To find the centroid of the triangle formed by the points A(cos θ, sin θ), B(sin θ, -cos θ), and the origin O(0, 0), and to determine the circle on which this centroid lies, follow these steps:
### Step 1: Identify the Coordinates of the Points
The coordinates of the points are:
- A = (cos θ, sin θ)
- B = (sin θ, -cos θ)
- O = (0, 0)
### Step 2: Calculate the Centroid of the Triangle
The centroid (G) of a triangle formed by points (x1, y1), (x2, y2), and (x3, y3) is given by the formula:
\[
G\left(\frac{x_1 + x_2 + x_3}{3}, \frac{y_1 + y_2 + y_3}{3}\right)
\]
Substituting the coordinates of points A, B, and O:
\[
G\left(\frac{\cos \theta + \sin \theta + 0}{3}, \frac{\sin \theta - \cos \theta + 0}{3}\right)
\]
This simplifies to:
\[
G\left(\frac{\cos \theta + \sin \theta}{3}, \frac{\sin \theta - \cos \theta}{3}\right)
\]
### Step 3: Set the Coordinates of the Centroid
Let:
- \( x = \frac{\cos \theta + \sin \theta}{3} \)
- \( y = \frac{\sin \theta - \cos \theta}{3} \)

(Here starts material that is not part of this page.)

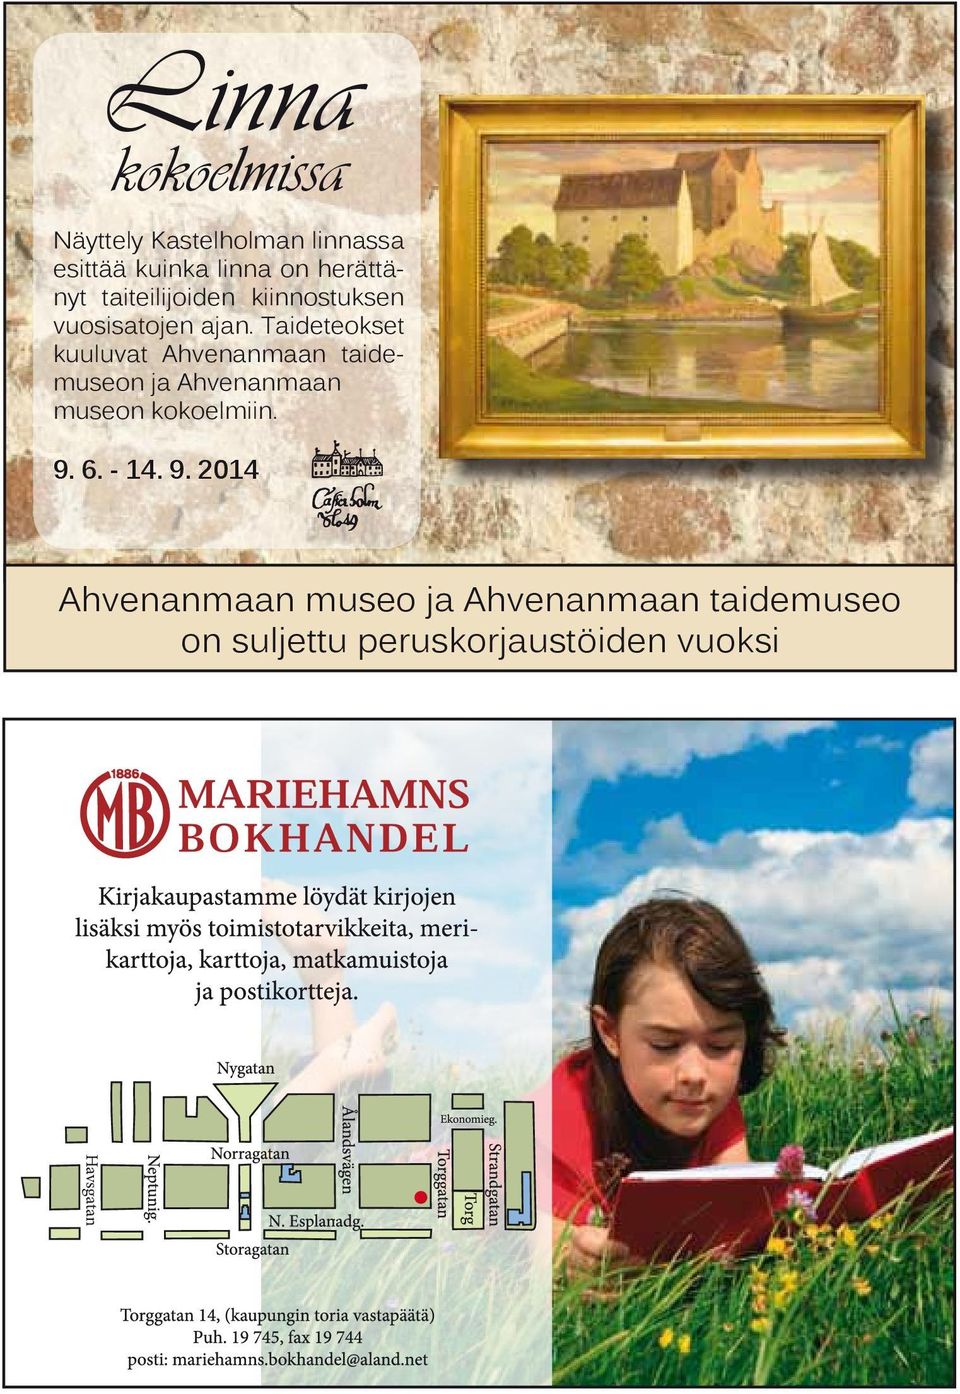 Taideteokset kuuluvat Ahvenanmaan taidemuseon ja Ahvenanmaan museon kokoelmiin.
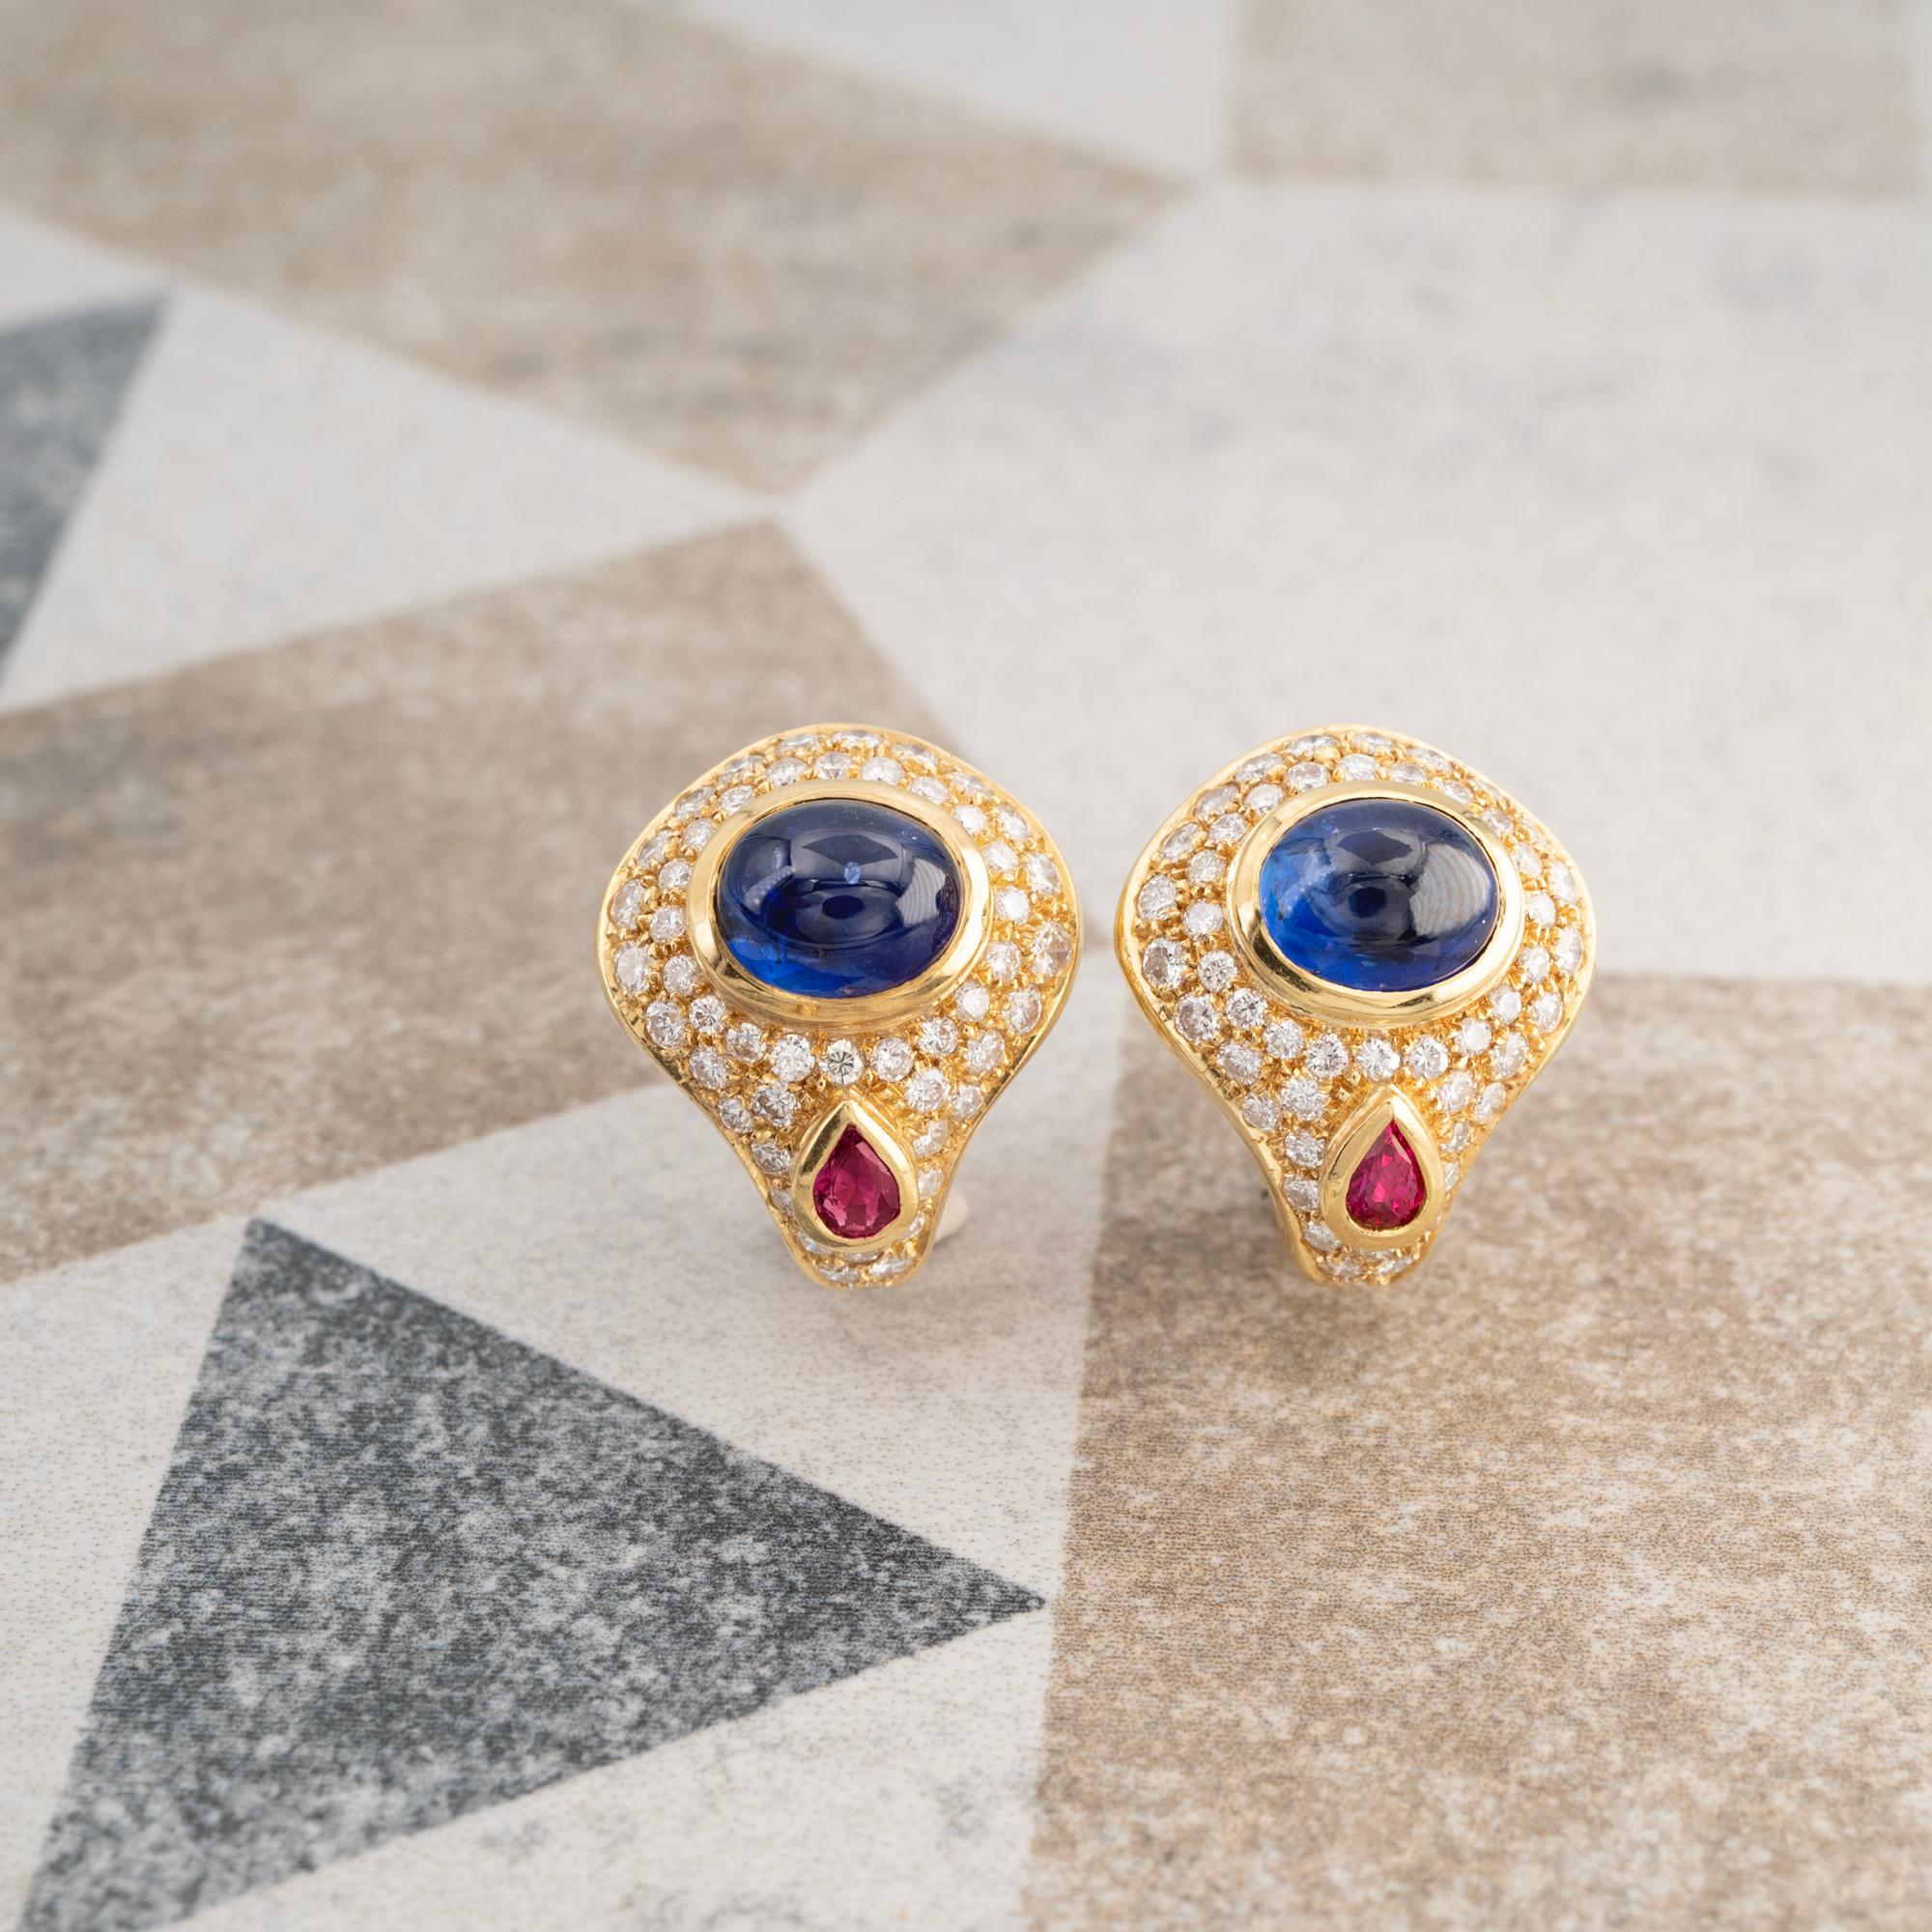 Magnifiques boucles d'oreilles de style bulgare, composées de saphirs cabochons bleus et de rubis en forme de poire. Chaque pierre précieuse a été sélectionnée pour la vivacité et l'intensité de sa couleur. Pour compléter ces pierres étonnantes, les

### Step 4: Express x and y in Terms of θ
From the equations:
1. \( 3x = \cos \theta + \sin \theta \)
2. \( 3y = \sin \theta - \cos \theta \)
### Step 5: Square and Add the Equations
To find a relationship between x and y, we square both equations and add them:
\[
(3x)^2 + (3y)^2 = (\cos \theta + \sin \theta)^2 + (\sin \theta - \cos \theta)^2
\]
Calculating the right side:
\[
(\cos^2 \theta + 2\sin \theta \cos \theta + \sin^2 \theta) + (\sin^2 \theta - 2\sin \theta \cos \theta + \cos^2 \theta)
\]
This simplifies to:
\[
2(\cos^2 \theta + \sin^2 \theta) = 2 \cdot 1 = 2
\]
Thus, we have:
\[
9x^2 + 9y^2 = 2
\]
### Step 6: Simplify the Equation
Dividing the entire equation by 9:
\[
x^2 + y^2 = \frac{2}{9}
\]
### Step 7: Identify the Circle's Center and Radius
The equation \( x^2 + y^2 = r^2 \) represents a circle centered at the origin (0, 0) with radius \( r \).
From our equation:
- Center: (0, 0)
- Radius: \( r = \sqrt{\frac{2}{9}} = \frac{\sqrt{2}}{3} \)
### Final Answer
The center of the circle is (0, 0) and the radius is \( \frac{\sqrt{2}}{3} \).
---